We’d love to hear your point of view on the questions raised here. Let’s help each other understand the Bible better!
As Biblical Unitarians, we understand God the Father as one God, and Jesus as the Son of God. Jesus was a man created by God at a point in time, by the power of God (or by his Spirit). This was part of God’s plan, so that through his Son Jesus, God manifested himself to the world.
This understanding is different from the doctrine that is core to the vast majority of Christian confessions of faith called the Trinity. In the Trinity, the Father, Son and Holy Spirit are three persons in the same substance, co-eternal and co-equal.
A complicated history
As you might expect, how to understand the nature of God is a complex topic. There has been much discussion, debate and even violence through the years as people have been wrestling to understand the Divine.
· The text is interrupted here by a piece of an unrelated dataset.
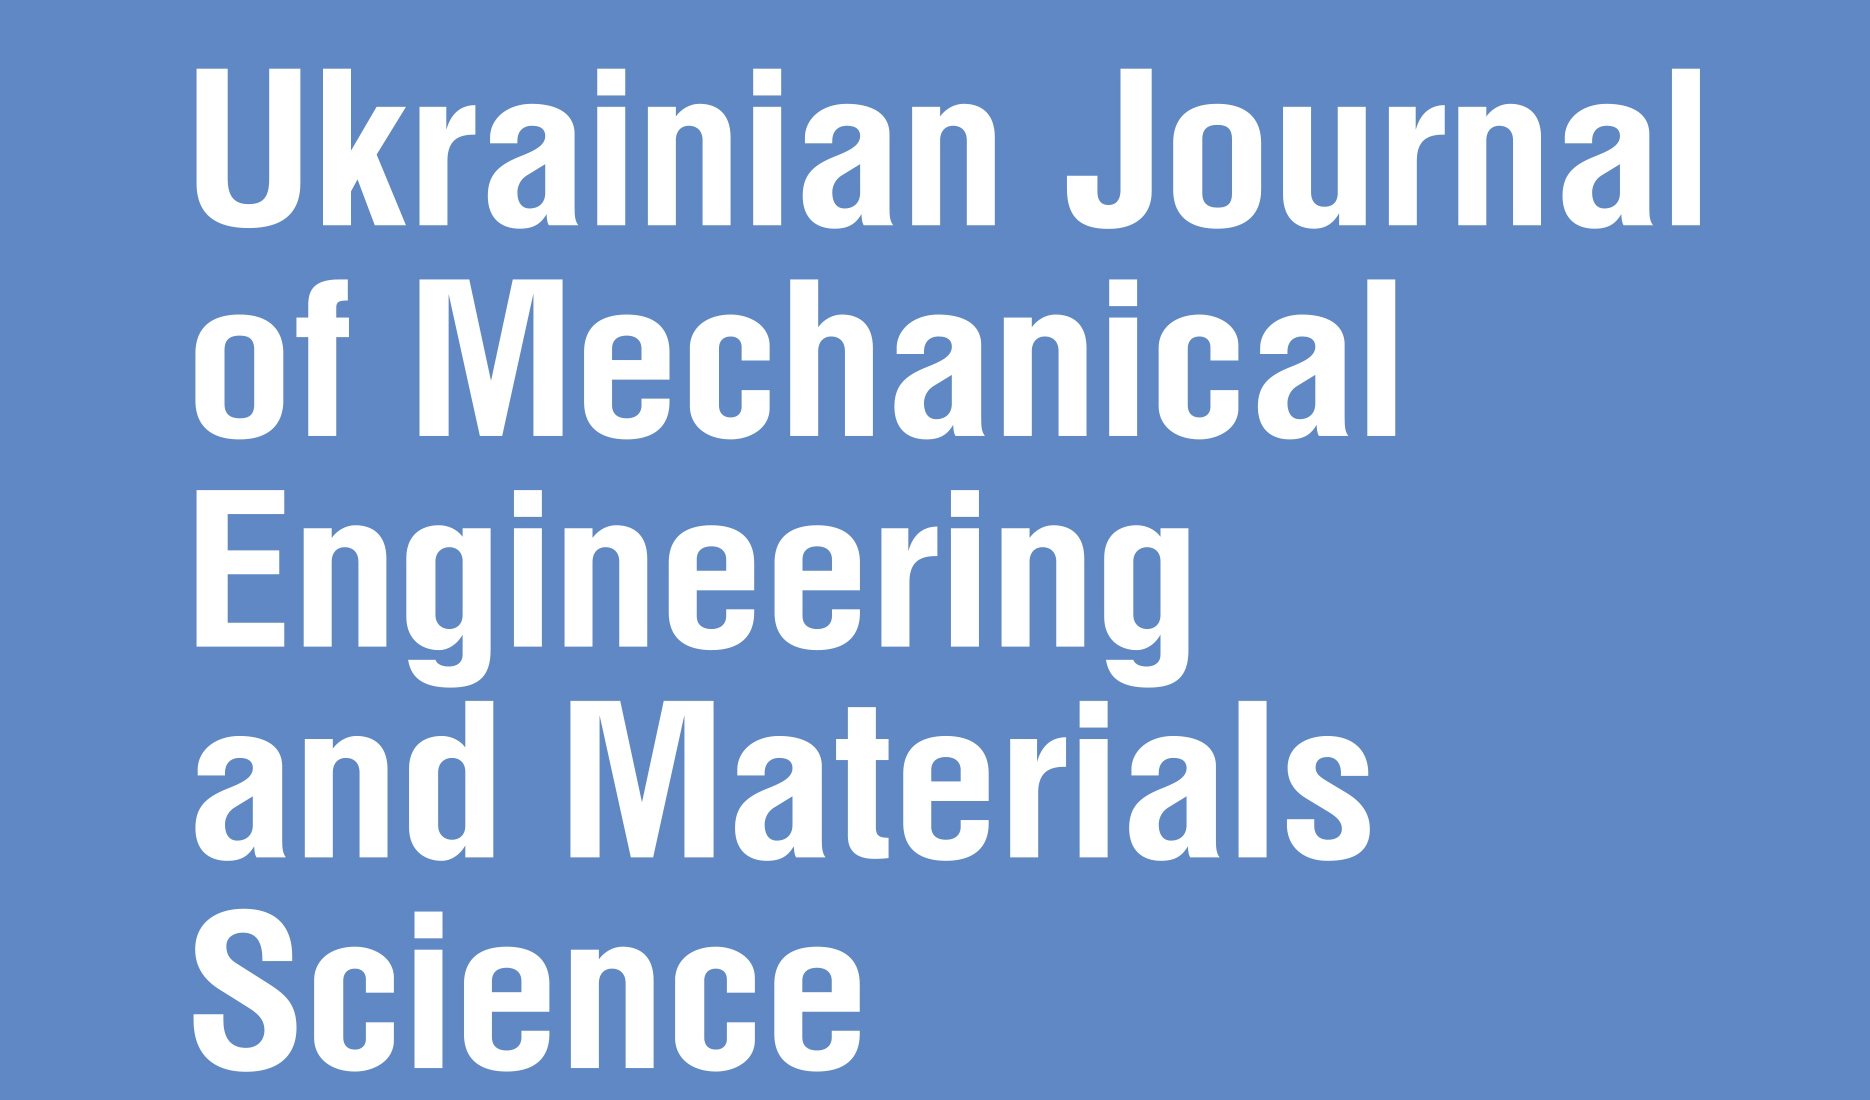 «Ukrainian Journal of Mechanical Engineering and Materials Science»

Josh and Paul talk about how they hope to open the conversation and provide this opportunity for those of different views to better understand each other and correct misconceptions (which are bound to exist).
They point out that the word ‘Trinity’ never appears in the Bible, but acknowledge that this in itself is not a good argument against it. Instead, they agree that it’s important to look at the evidence and direction that the biblical writers provide.
The Old Testament evidence
In the Old Testament we see evidence for belief that seems very much teaching one God with the Hebrew Bible making some clear statements about the oneness of God. Here are some examples:
The Lord our God is one LordDeuteronomy 6:4
I am the LORD and there is no other, besides me there is no God.Isaiah 45:5
But with these and others we need to remember they are in the context of denying the gods or idols of other nations. Their primary importance was not to answer the question of the relationship between God, The Holy Spirit and Jesus.
Although emphasising the one God, the Hebrew Bible is far from simplistic in its presentation. God is portrayed with multiple perspectives which are sometimes hard to reconcile, but reconciling them does not seem to be an issue that is ever given any importance.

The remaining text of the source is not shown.